Have you read all the nerve-shredding Ken Spoon thrillers? Crammed with threats the World faces as it hurtles towards the 1990s!
Unsafe nuclear reactors, faked terrorism and leather sandals!
Space-based weapons, chicken pie and monoteated women!
The rise of neo-Nazism, total narrative confusion… and traitors!
Computer crime! And probably something else! Is this the one in Banbury?
Um …vampire bats…erm…mini-guillotines (they’re ev-er-y-where!)... and traitors!
Post-Cold War witch-hunts, the Rover Vitesse… and traitors!
Death cult suicide-bombers destabilising financial markets, incredible violence… and traitors!
Faked terrorism. Real people under threat! Hello Sailor! And…more traitors than chapters!
Shark-attack victims gnawed a second time because this can happen…no, really it can! And traitors!
Was it Native Americans hijacking submarines? Must be a traitor somewhere. Look in the mini-bar!
Neo-Nazis again; possibly Russians, or Iraqis. Or all of them. Dunno. Real people! Traitors!
…the Channel Tunnel? No idea. Real people! Traitors? Is there anyone actually left to betray?
…Actors. Yeah, those bastards! And real people! And…Disney? [JEG – WTF?]
It’s those ker-wazy neo-Nazis again, the scamps. D’oh! Eco- Nazis! That’s really a thing! Yes. It. Is..
Traitors, space weapons and sod all happening for most of it, oh isn’t GoldenEye so very Gardner?
Mad American traitor militia death cult traitor neo-Nazi traitor faked terrorism is anyone still reading these? What-the-hell-throw-it-all-in! With lashings of steaming hot traitor, for novelty.
If you’re a fan of sitting in hotel bedrooms whilst looking at maps, Janet Reger underwear, crimson fireballs, curious sex, convenient treachery hauling the story from a corner, blizzards of characters, minutely-described hardware and piledriven alliteration, you’ll love the unstoppable Ken Spoon!”

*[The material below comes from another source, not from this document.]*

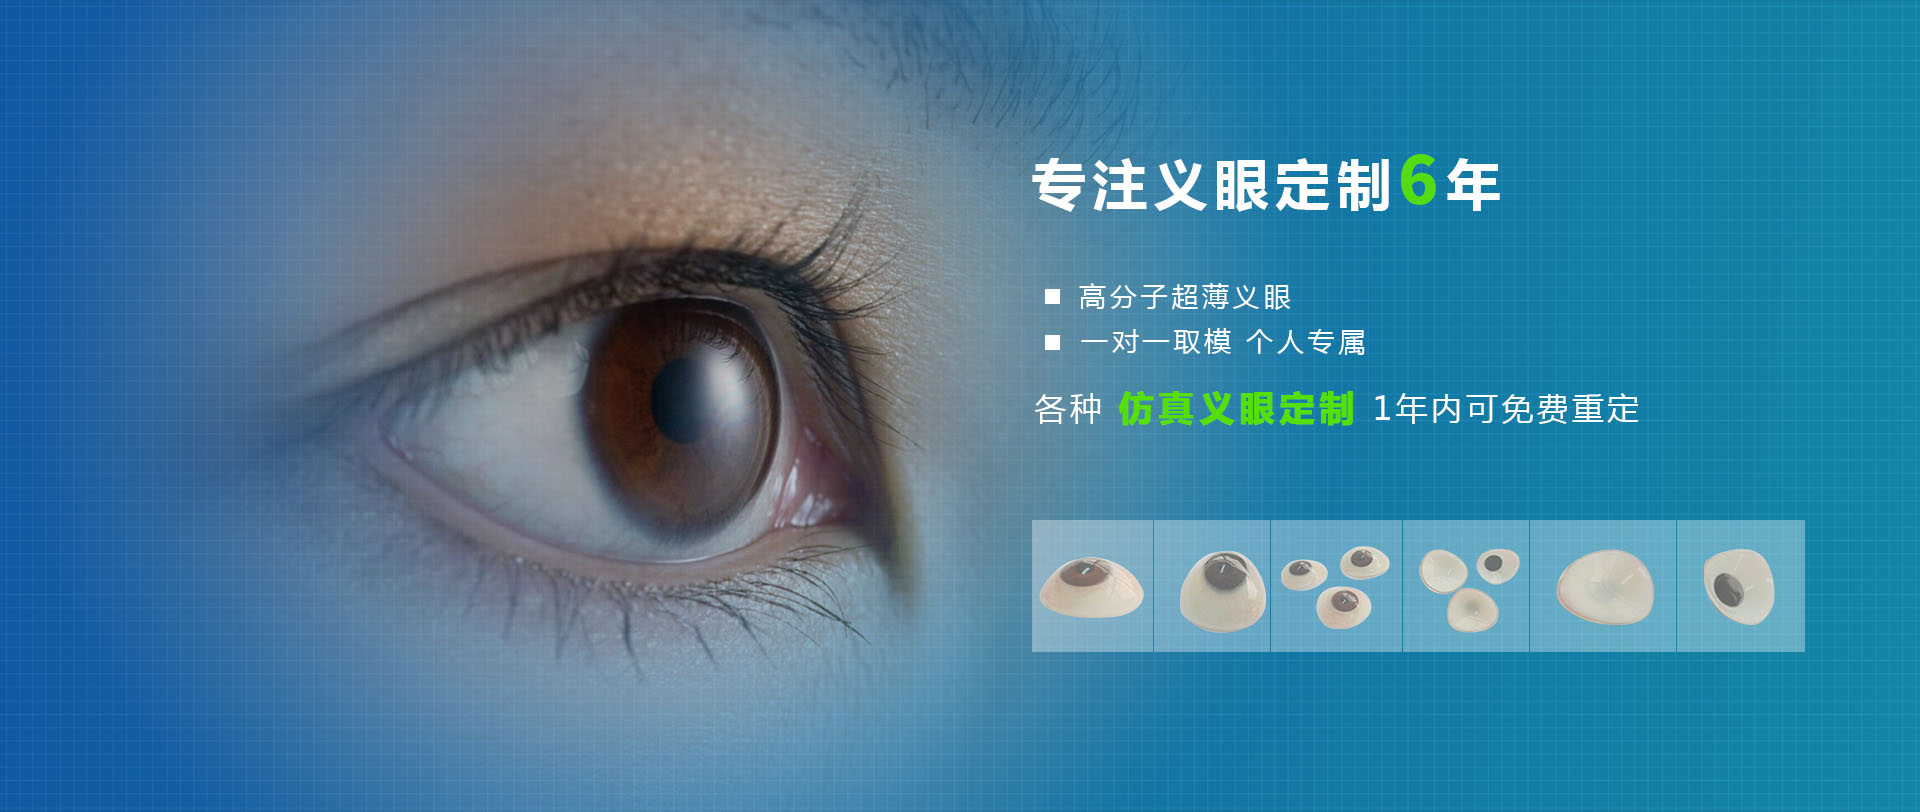 小姑娘手术后制作义眼片 - 客户案例 - 重庆美康莱医疗器械有限公司

Alternatively… Mack Wheel. Clint Mouse. Don Toss...
If they’re really “continuing” Bond, the name matters less than the sneering, the decay, the cripple-baiting, the sexism, the failed relationships, the daft food, the smells, the out-of-reach living for Bs / Cs, the frustration, the melancholy, the guilt of privilege, the desperation, the taking-the-hero-seriously-and-never-knowingly-ridiculing-him-to-undermine-the-illusion-because he’s-already-ridiculous-and-you-don’t-need-to-point-it-out-you-know, the heightened sensual thrills and all those sodding fish. Alternatively, if having more dignity than being forced to impersonate Ian Fleming, and one suspects Mr Gardner did, you devise your own indelible Bond characteristics. If you can’t spot any once the names have been changed, then all they are, all they will ever be, is Ken Spoon. Or…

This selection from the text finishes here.